By Erica Faber – Technical Manager
As we progress into Winter, newly planted trees may be showing some signs of stress with the colder, wetter weather as well as the development of flower buds. Nutrient uptake through the roots slows down as the soil temperatures become colder and the rate of transpiration decreases. Nutrient deficiencies may start becoming apparent due to this as well as the higher demand for certain nutrients at key phenological stages eg. flower development.
Yellowing and distortion of leaves may be notable. Blotchy or mottled interveinal yellowing and smaller, rounder cup shaped leaves are typical symptom of Zinc deficiency which may be noticed this time of year.

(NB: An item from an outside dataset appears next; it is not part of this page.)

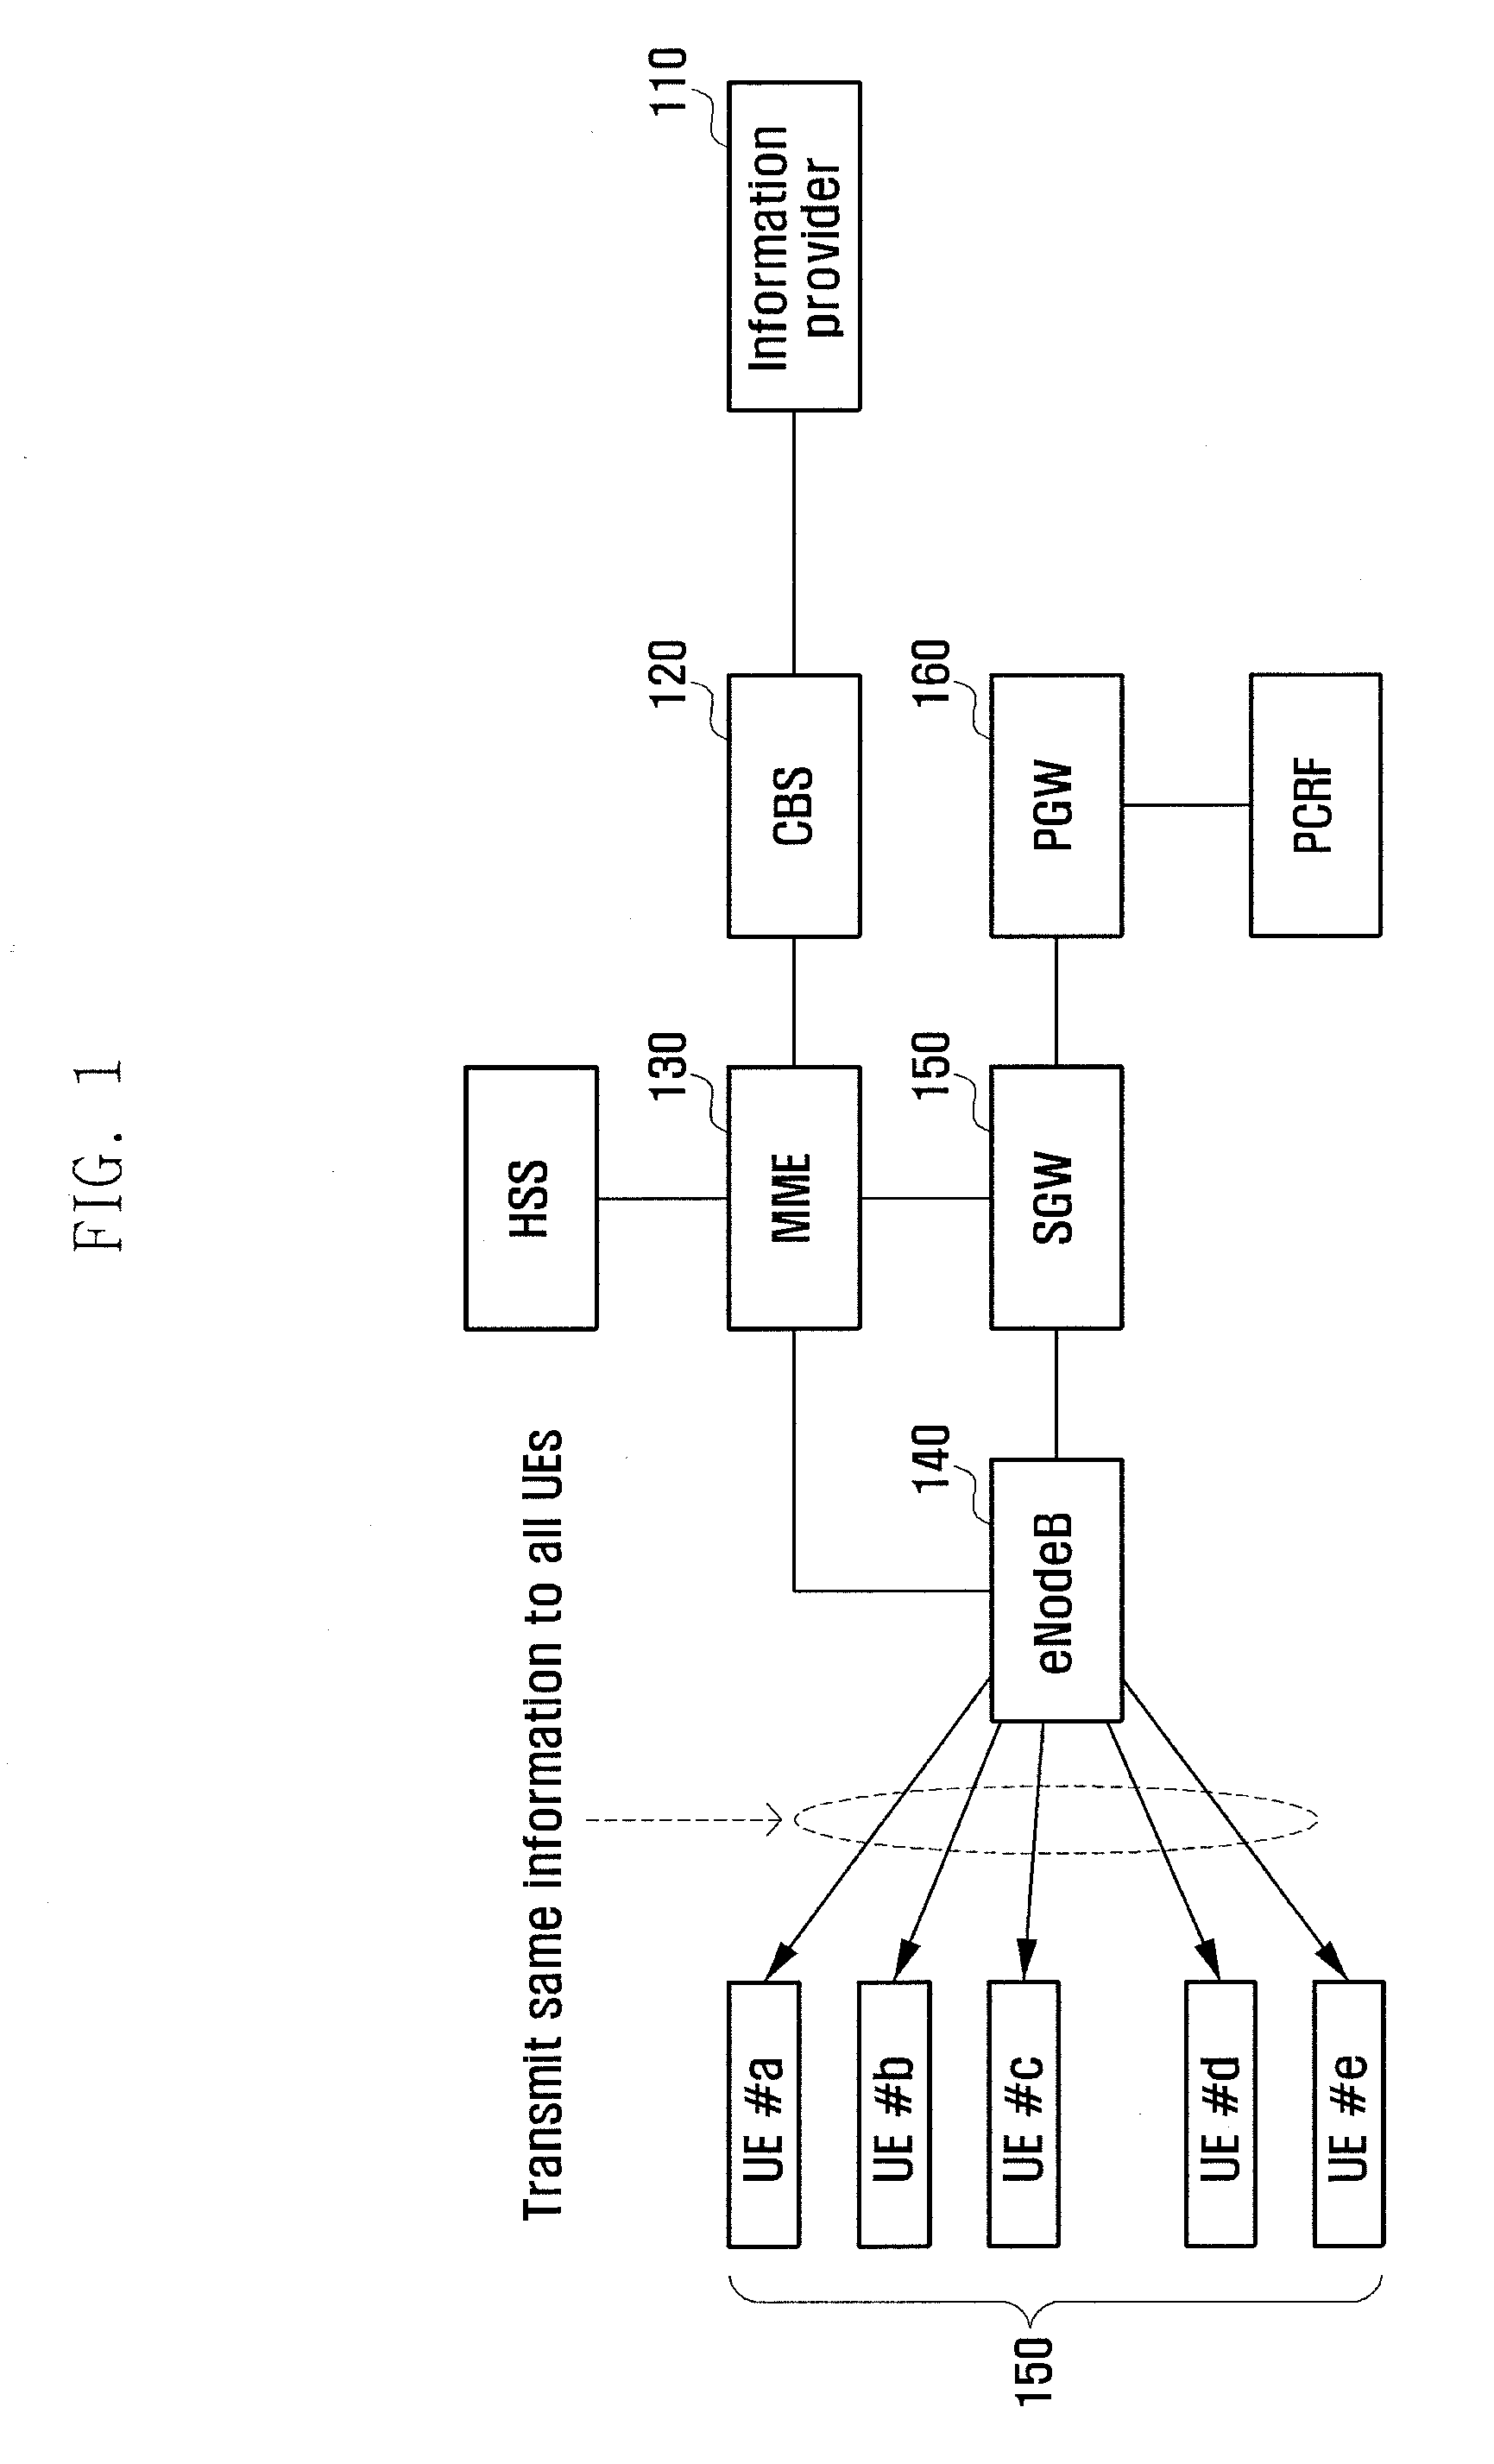 Method and apparatus for reliably transmitting group multicast using a cell broadcasting technique in a mobile communication system

Other trace elements that are in higher demand at this time of year are also Boron and Magnesium. Ensure that these trace elements are part of your foliar fertiliser program. Bud-Wiser is an example of a foliar product that delivers Zinc, Boron and Magnesium and can be incorporated into your program depending on compatibility with the other products you are spraying.
Leaf showing sign of Zinc deficiency.
Leaf showing sign of Magnesium deficiency.
Leaf showing sign of Boron deficiency.
Root health may also be affected due to the increase in soil moisture and with it the increase in pressure of Phytophthora Root Rot. A preventative programme throughout the winter months is advisable alongside a program to increase soil fertility and microbe diversity which also act to reduce the incidence of Phytophthora cinnamomi. Aliette can be added to your foliar sprays which is a product more suited to the sensitive young trees than Phosphoric acid. This of course will only be effective if there is enough leaf to take up the chemical. Should your young trees be a bit sparse with regard to leaf cover, then soil drenches can be applied. Ridomil or Terracin (a natural biocide) can be used. Remember to follow up either of these products with Mycorrcin to help stimulate beneficial soil microbes. A good layer of coarse mulch also helps to encourage healthier root growth and supports a wider diversity of microbes. Symptoms of Phytophthora are pale, narrow leaves and necrotic roots.
Young tree showing sign of Phytophthora Root Root.
Stressed trees may also experience leaf drop or tip dieback. If you are concerned about any secondary fungal infection then a dual contact and systemic fungicide can be included with your foliar spray programme.